Tale approccio, che per le civilizzazioni passate si traduceva in costante osservazione dei micro- e macro-fenomeni con cui un uomo consapevole del ‘limite’ entrava in contatto durante la sua vita, osservazione da cui distillare le informazioni essenziali da trasmettere alle generazioni future in modi che andavano dal mito alla trasmissione orale e poi scritta, dovrebbe essere comprensibile più che mai nell’epoca 4.0 del passaggio ormai ineluttabile dalla cifra lineare a quella circolare, a partire dai cicli economici ai processi sociali e culturali. Colpisce, nella cultura espressa dai detrattori ‘a priori’ del ‘position paper’, l’assenza di menzione del Principio di Precauzione, fondamentale per governare problemi gravi come gli attuali. Pare in atto una rimozione sistematica di 30 anni di studi ed esperienze sul senso di tale Principio, strumento cautelativo per prendere decisioni politiche ed economiche su questioni scientificamente controverse senza perdere di vista l’unitarietà del reale (evitando il rischio ‘pagliuzza vs trave’).
Nel Rapporto “Late lessons from early warnings: the precautionary principle 1896-2000” ( https://www.eea.europa.eu/publications/environmental_issue_report_2001_22 ), essenziale per inquadrare a livello comunitario il Principio di Precauzione, l’Agenzia Europea dell’Ambiente analizzò, documentandoli con rigore i guasti generati da una incultura industriale (più ancora dalla finanziaria oggi dominante) finalizzata solo alla deregolata massimizzazione del profitto per pochi a fronte dell’impoverimento e della perdita di dignità di tanti (gli ‘scarti’ ricordati da Papa Francesco).
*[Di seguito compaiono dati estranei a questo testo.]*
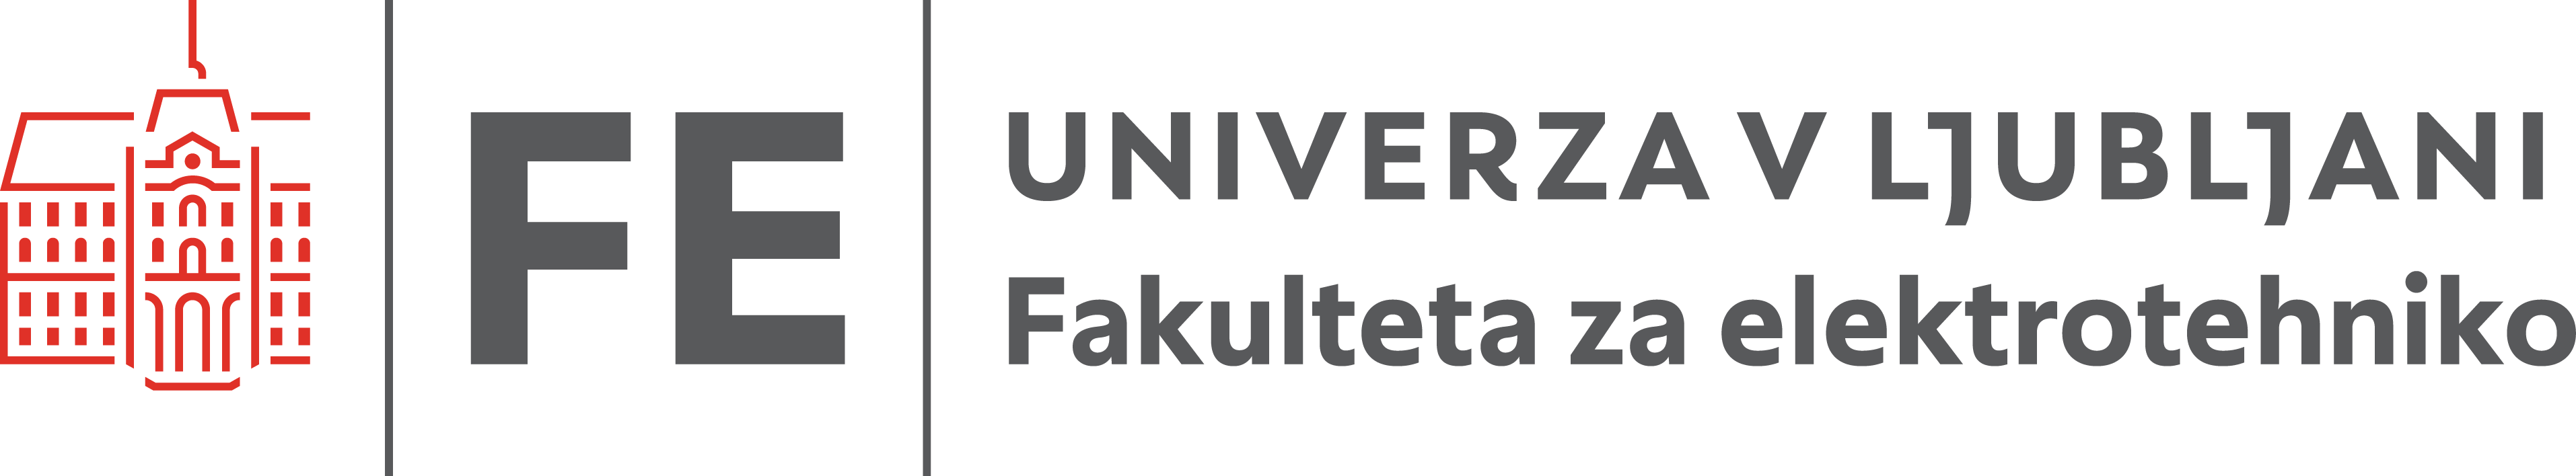 Logo of Faculty of Electrical Engineering, University of Ljubljana
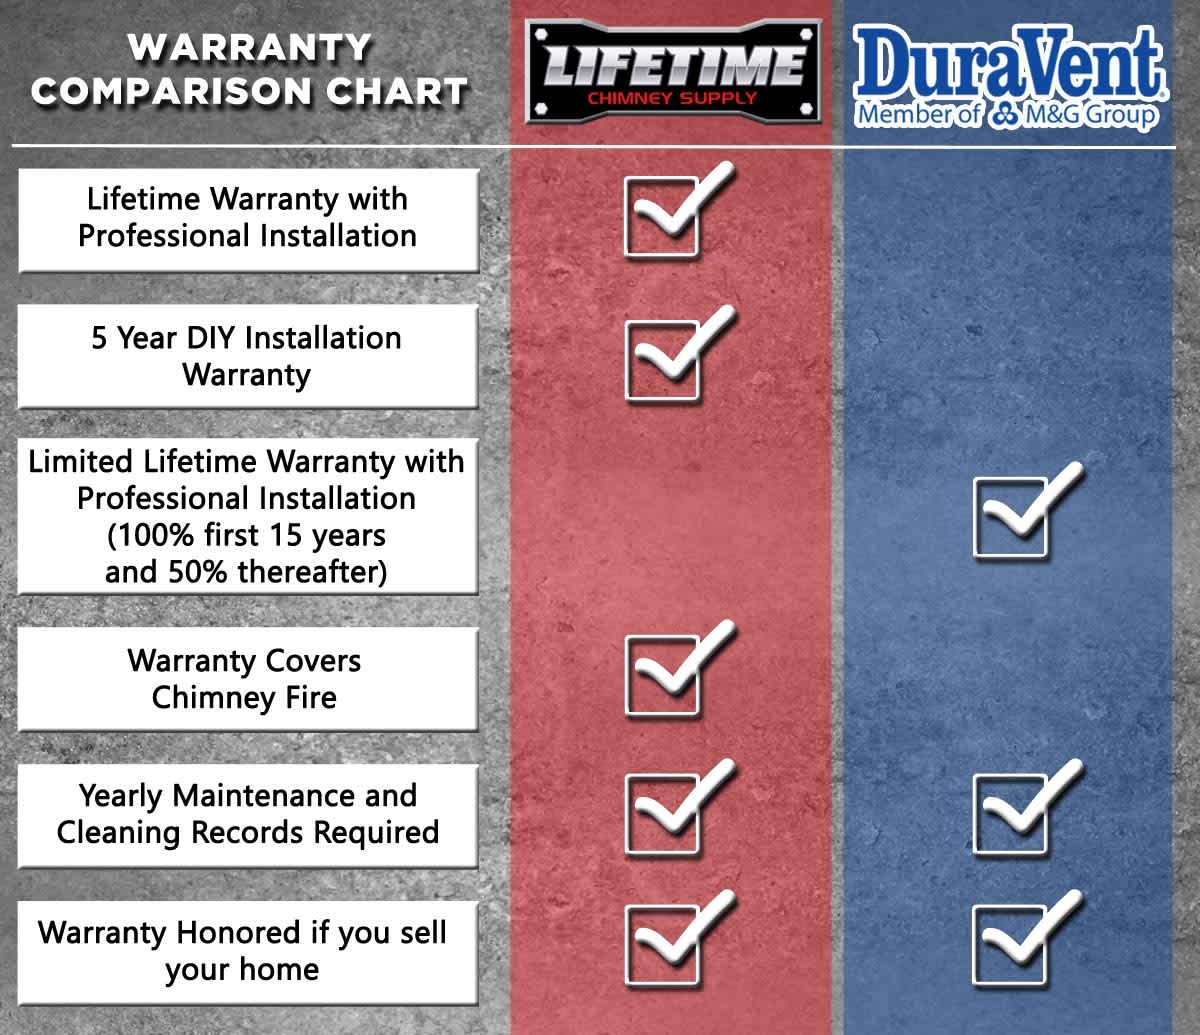 Chimney Liner Warranty Comparison Chart: Lifetime Chimney Supply VS. DuraVent

La ‘provocazione’ rappresentata dal ‘position paper’ (che comunque non è Vangelo) a mio avviso è stata fondamentale per liberare pensiero innovativo ed energia intellettuale pluridisciplinare da cui già sono sortiti frutti cognitivi utili al governo della pandemia in atto, dal rivisitare la metrica del ‘distanziamento sociale’ al misurare con sempre migliore approssimazione la trasmissione di droplets in aria fino al ricercare e rinvenire tracce del virus sia nel particolato intercettato dai filtri delle centraline di controllo (in 8 su 34 filtri a Bergamo) che nelle acque reflue (a Parigi, mentre a Milano è l’Ist. Mario Negri che le sta analizzando). La ‘provocazione’ è stata anche utile a leggere le connessioni sistemiche con altre crisi in essere (Crisi Climatica) e si dimostrerà tale anche ai fini della prevenzione di altre crisi attese. E’ tempo di Responsabilità Sociale e di una vera Transizione che riporti Persona, Comunità, relazioni umane a valori centrali del nuovo mondo che dobbiamo costruire, a partire dalla ricostruzione di un Servizio Sanitario Nazionale che attui il diritto costituzionale dei cittadini alla salute dei cittadini.